Estampas bajo la lluvia en el día treinta y cuatro de la peste

17/04/20. A mi no me puede pasar nada ya. Corrijo: no puedo tener nada.

the streets were deserted and only the wind moaned continually down them

Camus, La Peste

Desolación. Las calles en medio de lluvia en cualquier día festivo solían ser un templo de tristeza. En la peste es como un abandono, una deserción, una desaparición.

Resiliencia. A golpes o sin remedio. La fila que cada tarde se hacía en la iglesia de San Antonio de los Alemanes para dar de comer a los que no tienen que comer, sigue. Llueva o truene, contagiados o no. Hay dos metros de separación y silencio en lo que antes solía tener aspecto desordenado, sinuoso y de grito marrullero. Los interrogantes son inevitables: los curas parecen capaces de hacer algo por quienes no tienen alternativa y el estado definido como benefactor no puede resolver el caso de una fila de gente que espera un bocadillo a la puerta de una iglesia.

Exclusión. Persiste en la puerta de mi supermercado el mismo individuo que espera unas monedas. Dónde duerme, qué come, son preguntas superadas por las verdaderas incógnitas del contexto, que nunca creo que se resolverán: ¿si fuera portador debería estar ahí? ¿sabe si es portador y alguien con autoridad se ha molestado en detectarlo? ¿es irrelevante que porte o no porque el miedo hace que nadie se acerque, lo toque, le hable? ¿si enfermara y agravara moriría allí o dónde? Ni mascarilla ni guantes. Nadie espera que la policía le ponga una multa por no respetar el confinamiento a quien no la pagará y a quien no obedecerá demasiado cualquier orden de retirada. Nadie espera que la policía pierda el tiempo arrestando y ocupando un espacio en un calabozo a quien no ha hecho nada. Podríamos pensar que, si es por comida, el calabozo debe dar un rancho digno. Podríamos pensar que él no lo querrá. Podemos pensar que en el primer mundo hasta los excluidos están obesos: los venezolanos que me encuentro cantando en Bogotá o revendiendo bolívares como curiosidad cultural, están delgados y enjutos.
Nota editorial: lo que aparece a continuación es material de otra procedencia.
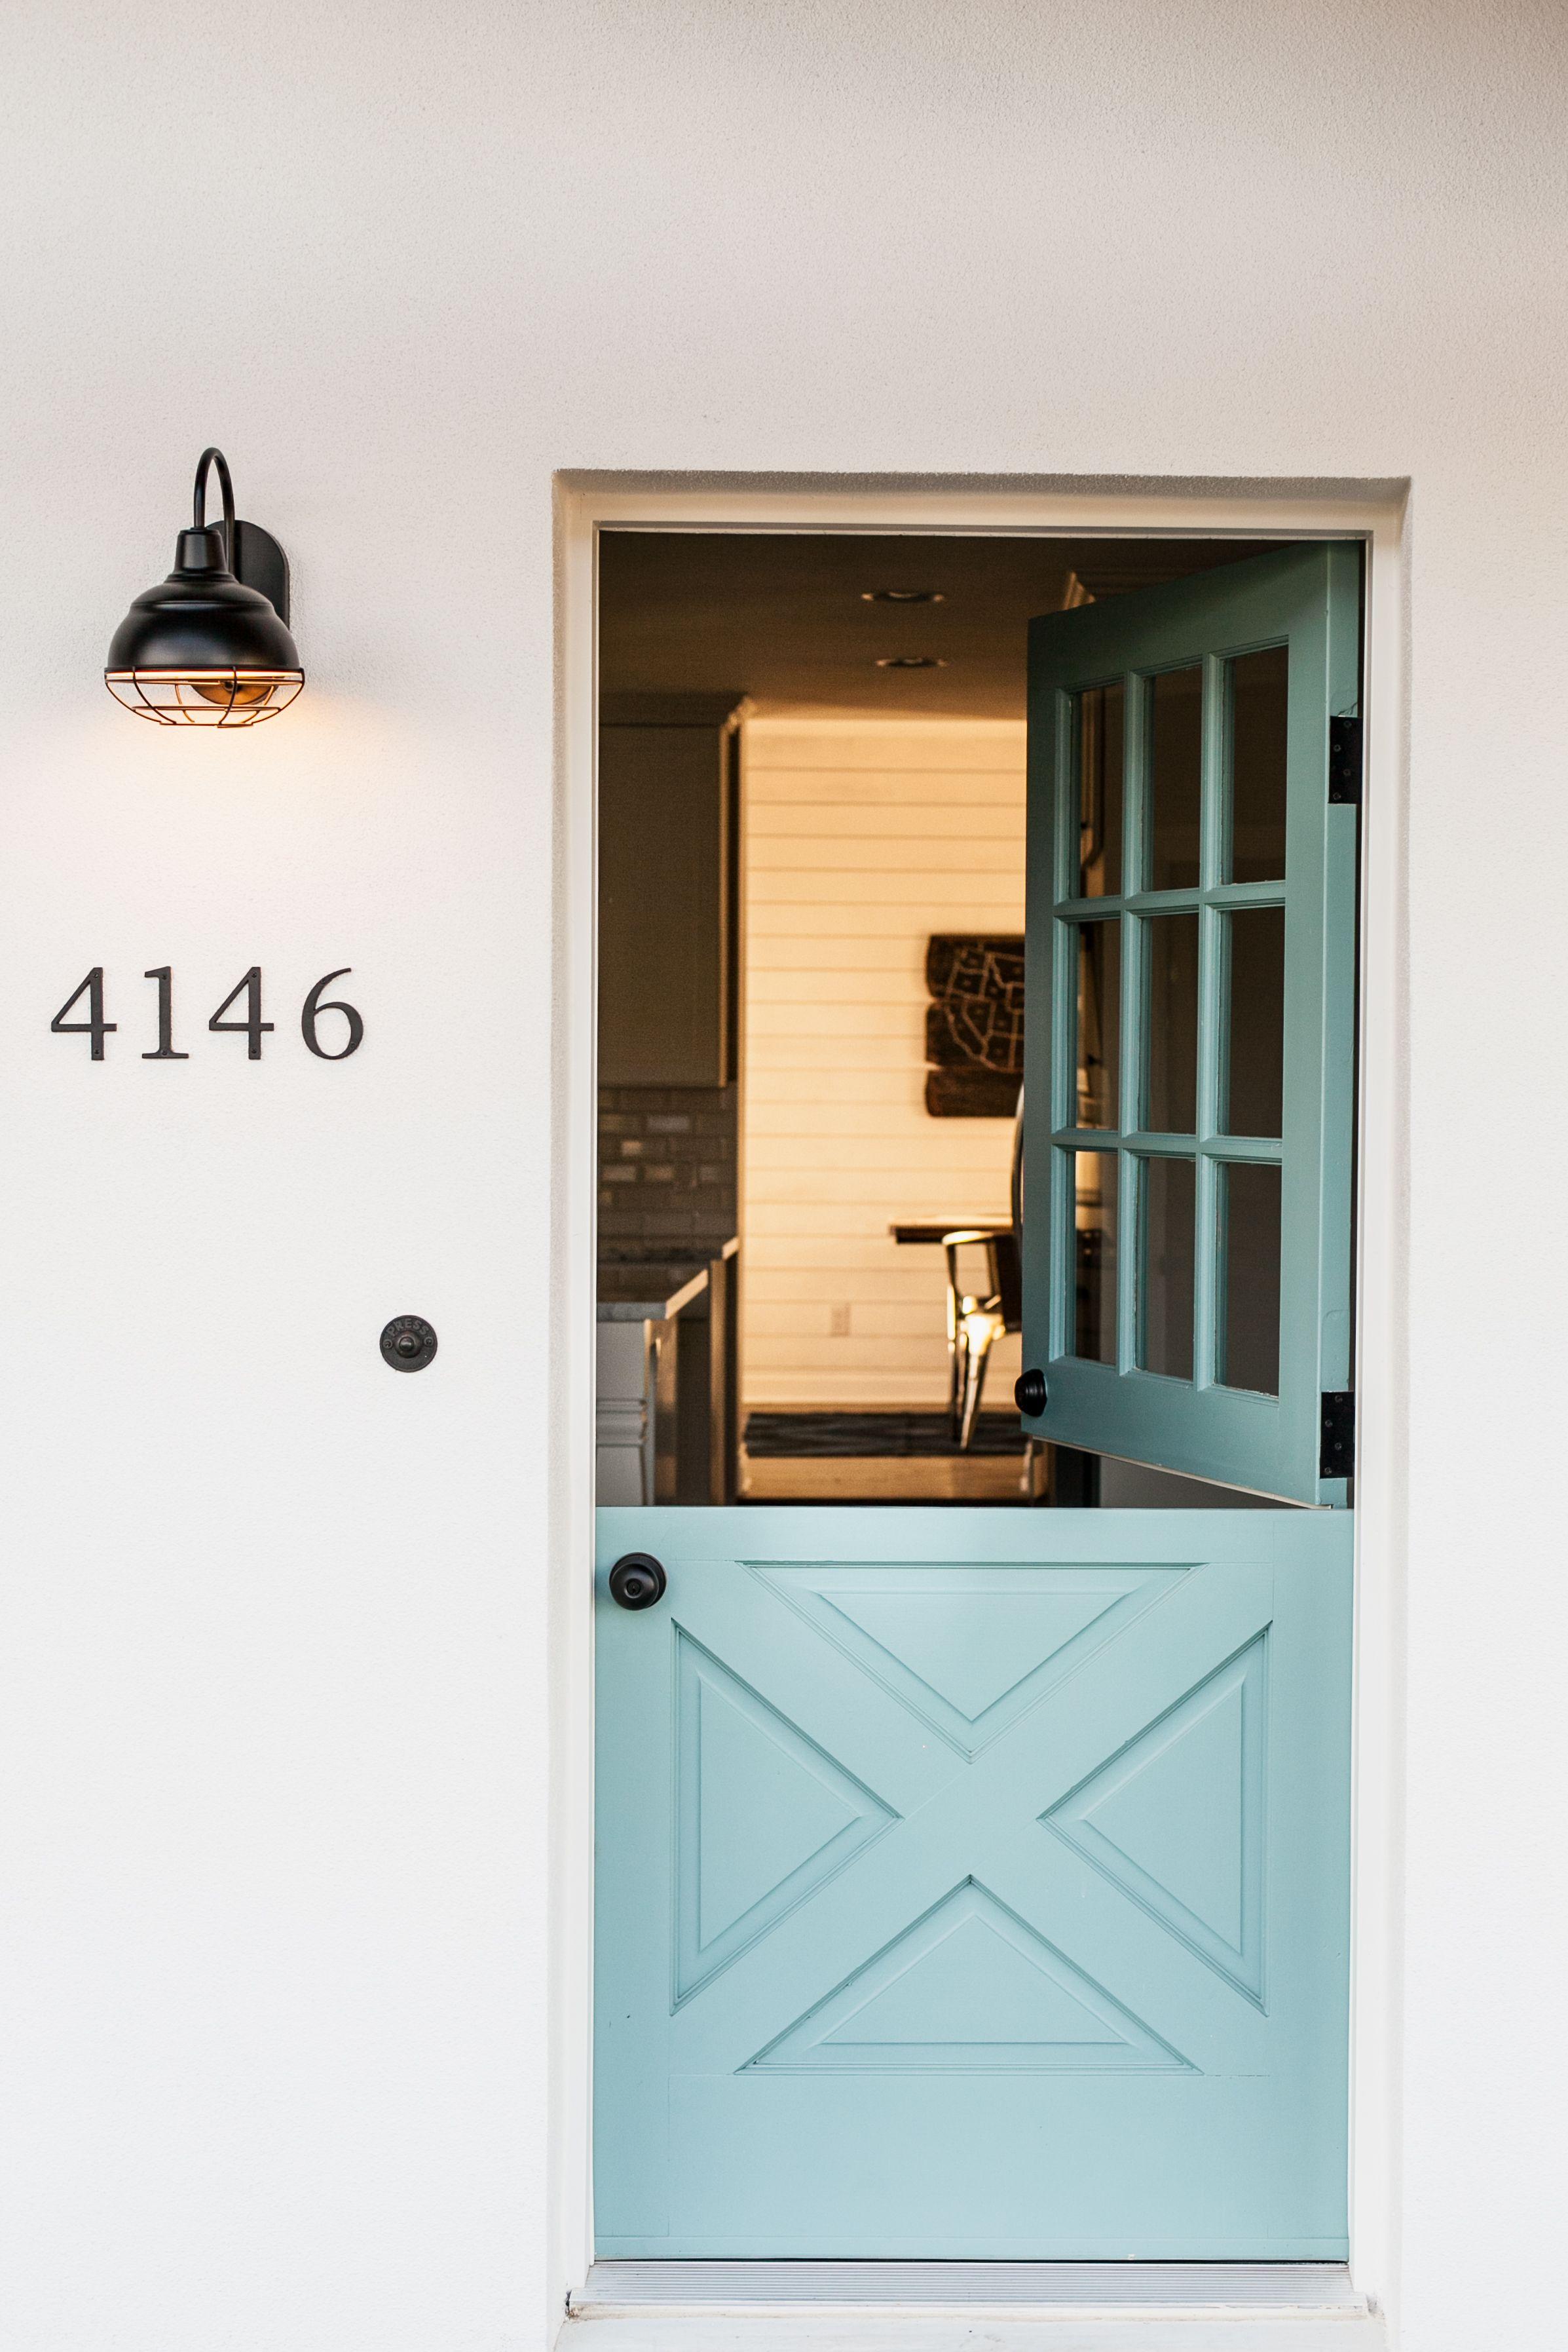 org sale door interior doors handballtunisie lowes forwardcapital for dutch l grand

Soledad. Regreso bajando por San Bernardo. Oigo un rumor que parece alguien cantando. Sí, canta una voz ronca: «en España el beso encierra alegría en el corazón» y, súbitamente, eleva su voz: «la española cuando besa, es que besa de verdad». Vuelvo la mirada y veo en una ventana dos ancianos muy ancianos sentados muy próximos en su estrechísimo balcón, con mantas sobre las rodillas. Al percatarse de que les he mirado, el segundo anciano añade su voz al primero y los dos elevan su tono y gritan «la española cuando besa, es que besa de verdad». No había claveles, ni siquiera algún acompañamiento de fondo, sólo el agua y la luz gris y una audiencia que se escapa.

 

Salidas: había que resolverle a unos vecinos.

Daños: leo el mensaje de otro amigo que anuncia la pérdida de otro amigo. Le pide que rece por él al ingresar en la UCI, él le contesta que no tiene muy claro si sabe rezar, y el enfermo le responde que, entonces, «vale por dos». No valió.